After setting up my own tech startup Flisom, I now know the common dos and don’ts of turning a scientific idea into a commercially viable start-up. Being a tech pioneer is possible, so long as you believe in yourself and have the patience to realise your vision. Ask yourself these questions to demystify entrepreneurship and set out achievable steps.

1. Am I meant to be an entrepreneur?

Doing your own thing can be tempting: why have a boss when you can be your own? But it’s important to understand what being an entrepreneur means. You must recognise that you will be living in – and guiding people through – an uncertain world. Are you prepared to unite people with an unwavering vision, particularly when times are tough? If you feel an entrepreneurial pull, don’t spend too long gaining so-called relevant experience in another company, or waiting until you’ve reached the upper echelons of your career. If you’re tenacious, prepared to learn from your mistakes and to rally people to your vision, go for it.
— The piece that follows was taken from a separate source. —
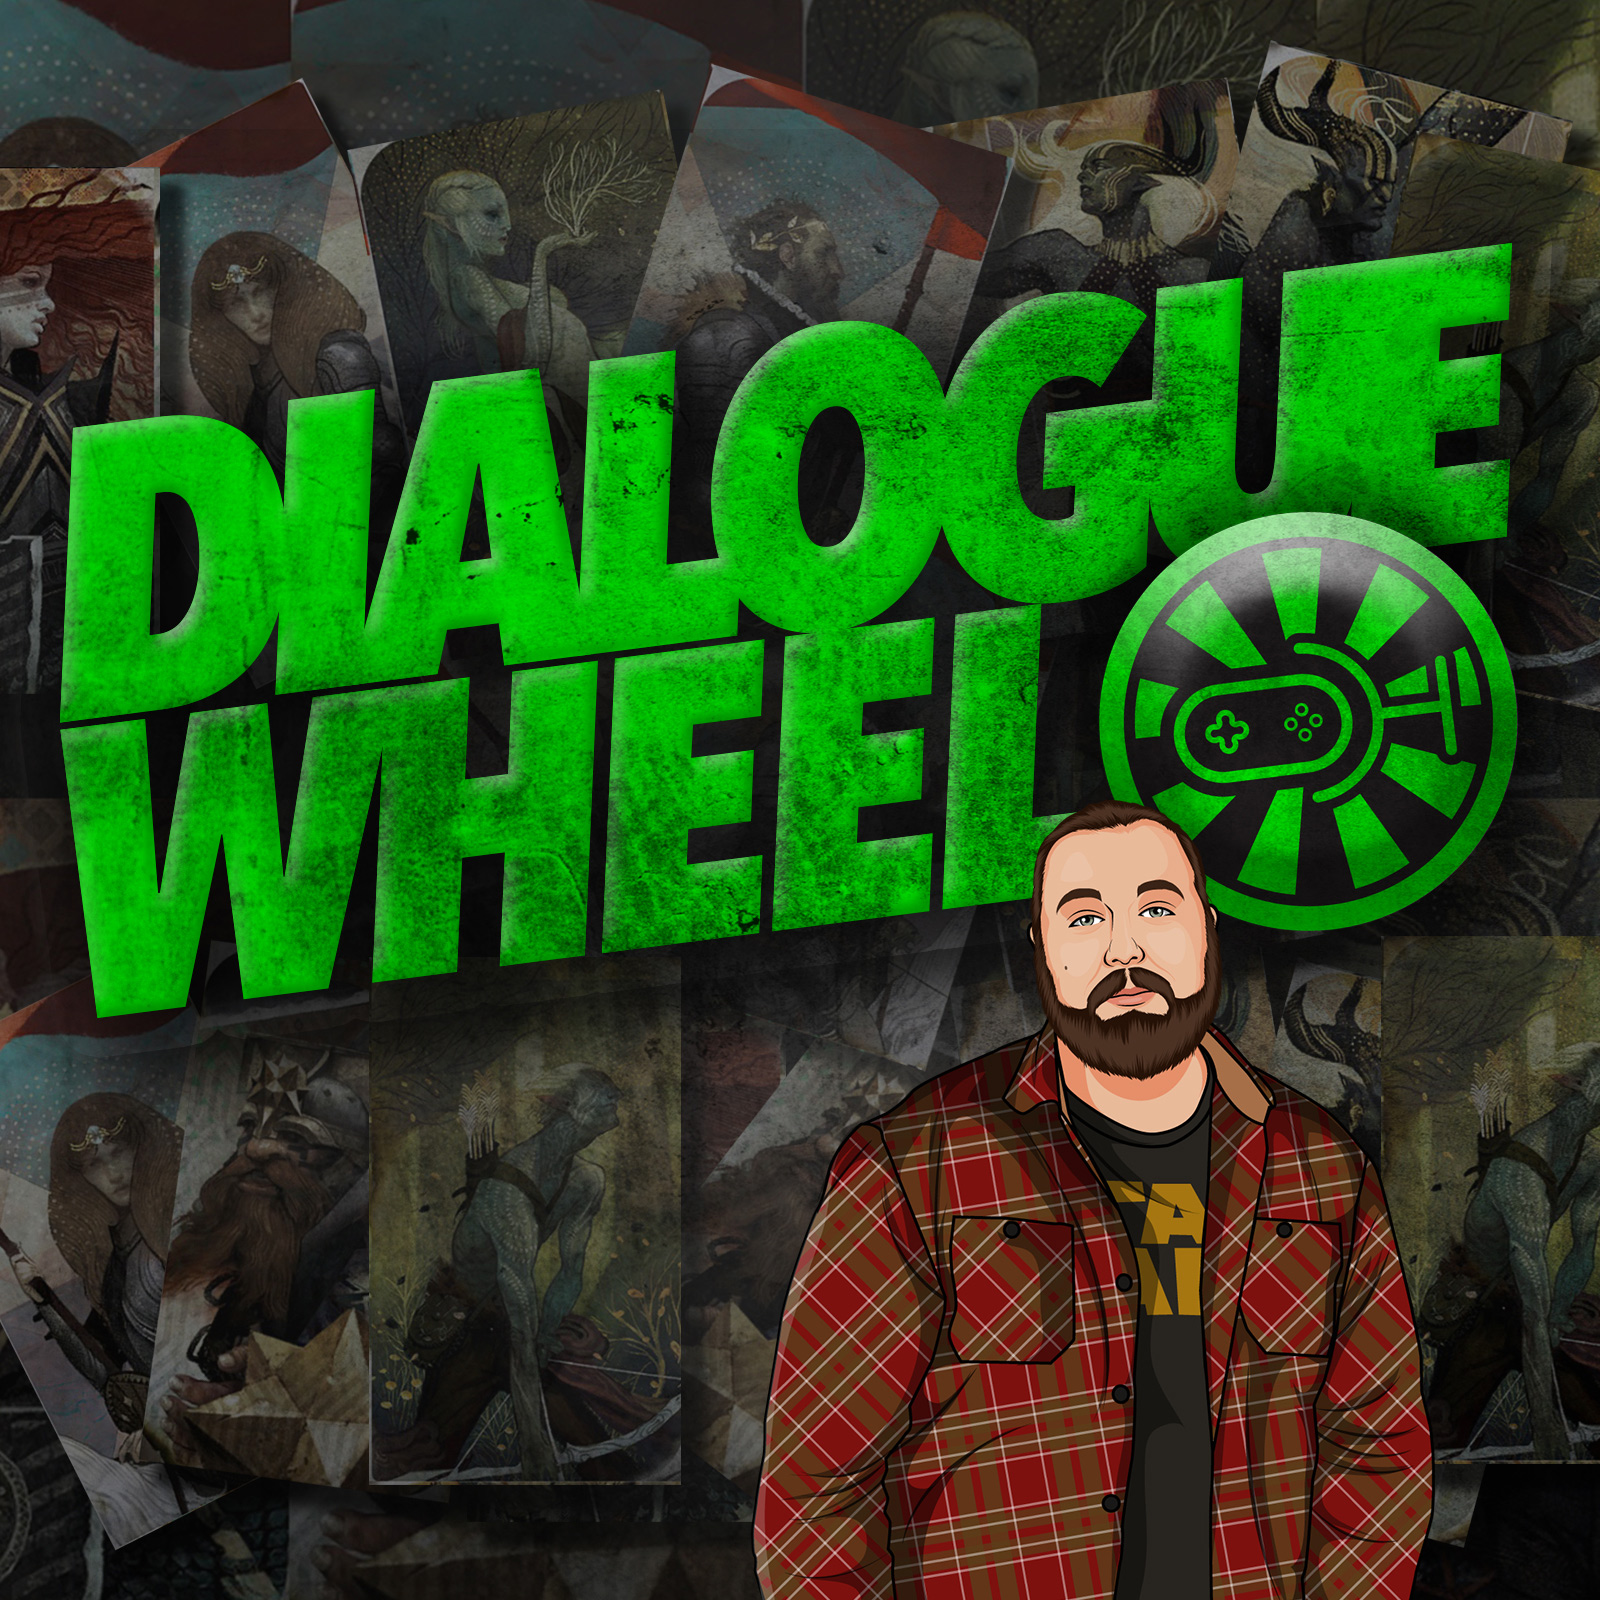 Dialogue Wheel

2. Are you focused on the tech or its value?

Too often tech entrepreneurs, passionate about their inventions, kill off investor pitches with their specialist knowledge. The value is not in the technology itself: you need to show how the product or service can change people’s lives. Exactly how can the technology make things better, easier, faster? Taking a business lens to a technology that solves a problem is the value you bring. To avoid the pitfall of getting caught up in the technology itself, evaluate it dispassionately before you get involved. Seek unbiased advice from a confidant or an expert: avoid falling in love with the idea of falling in love.

3. Is your team too tech-heavy?

Your start-up is based on a tech idea so having technical know-how is critical. But it’s also vital to have a team with complementary skills. Without the right techie specialists an idea stays just an idea – but without the right business brains the technology will never become something your customers want to buy. If you hire too many tech gurus or put the scientific inventor in charge, you risk having to blindly follow their advice. You need a team that believes in your business vision rather than the technical mechanics and a team that’s willing to make sacrifices to go to market. Remember, however bright your team, listen to your gut and never lose your nerve.

4. Do you know what your customers really want?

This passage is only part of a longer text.